Theorem mo2r 2105

Description: A condition which implies "at most one". (Contributed by Jim Kingdon, 2-Jul-2018.)

Hypothesis

Ref	Expression
mo2r.1	|- F/ y ph

Assertion

Ref	Expression
mo2r	|- ( E. y A. x ( ph -> x = y ) -> E* x ph )

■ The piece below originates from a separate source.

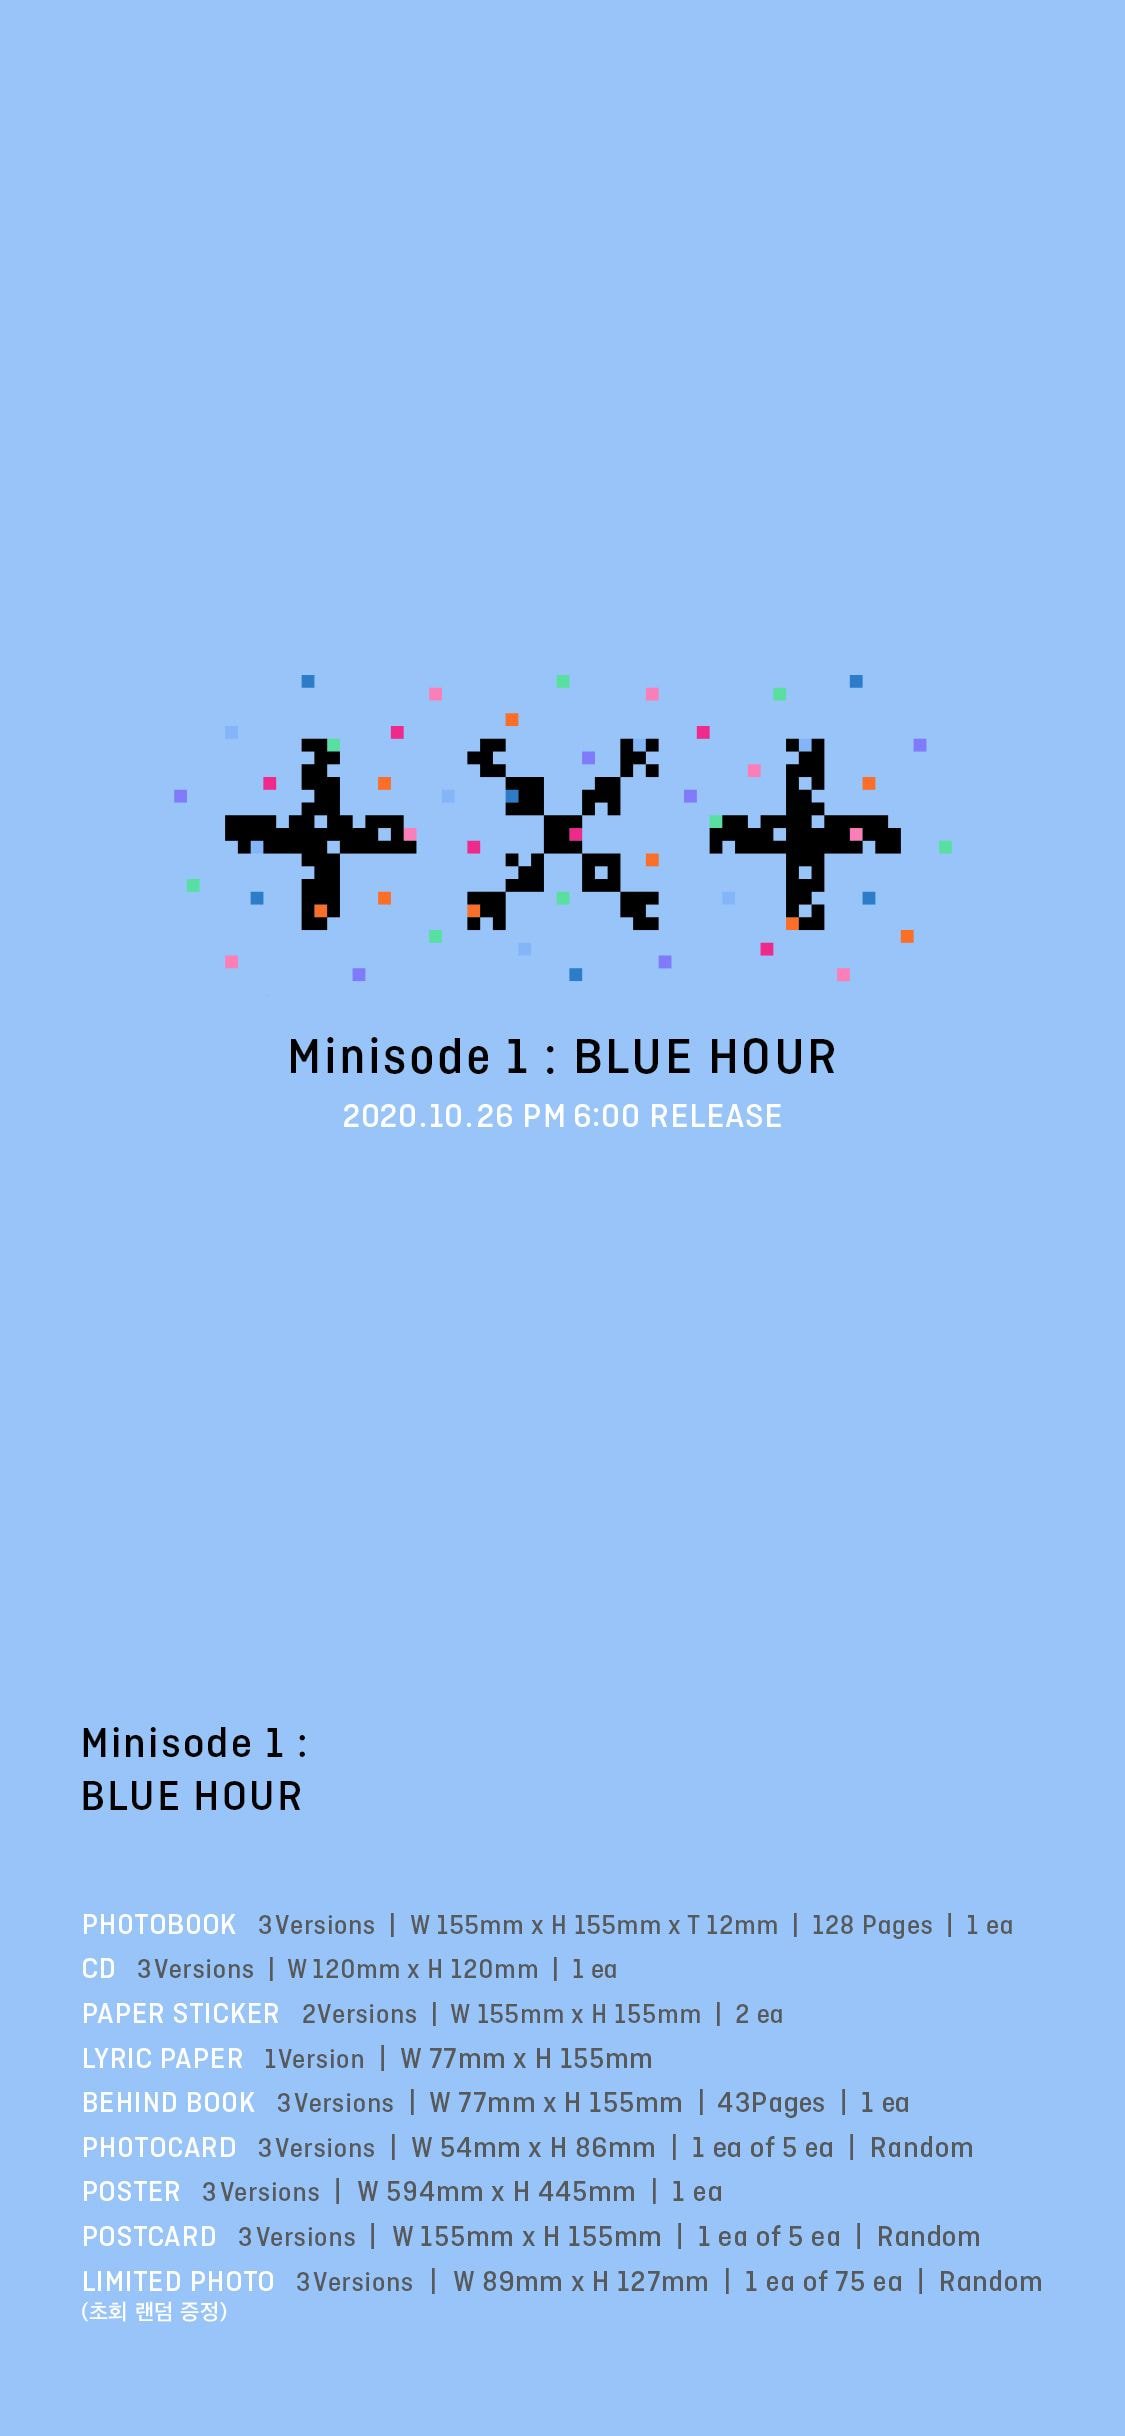 투모로우바이투게더 ‘minisode1 : Blue Hour’ 예약 구매 안내

Distinct variable group:   x, y

Allowed substitution hints:   ph( x, y)

Proof of Theorem mo2r

Step	Hyp	Ref	Expression
1		mo2r.1	. . . . 5 |- F/ y ph
2	1	nfri 1541	. . . 4 |- ( ph -> A. y ph )
3	2	eu3h 2098	. . 3 |- ( E! x ph <-> ( E. x ph /\ E. y A. x ( ph -> x = y ) ) )
4	3	simplbi2com 1463	. 2 |- ( E. y A. x ( ph -> x = y ) -> ( E. x ph -> E! x ph ) )
5		df-mo 2057	. 2 |- ( E* x ph <-> ( E. x ph -> E! x ph ) )
6	4, 5	sylibr 134	1 |- ( E. y A. x ( ph -> x = y ) -> E* x ph )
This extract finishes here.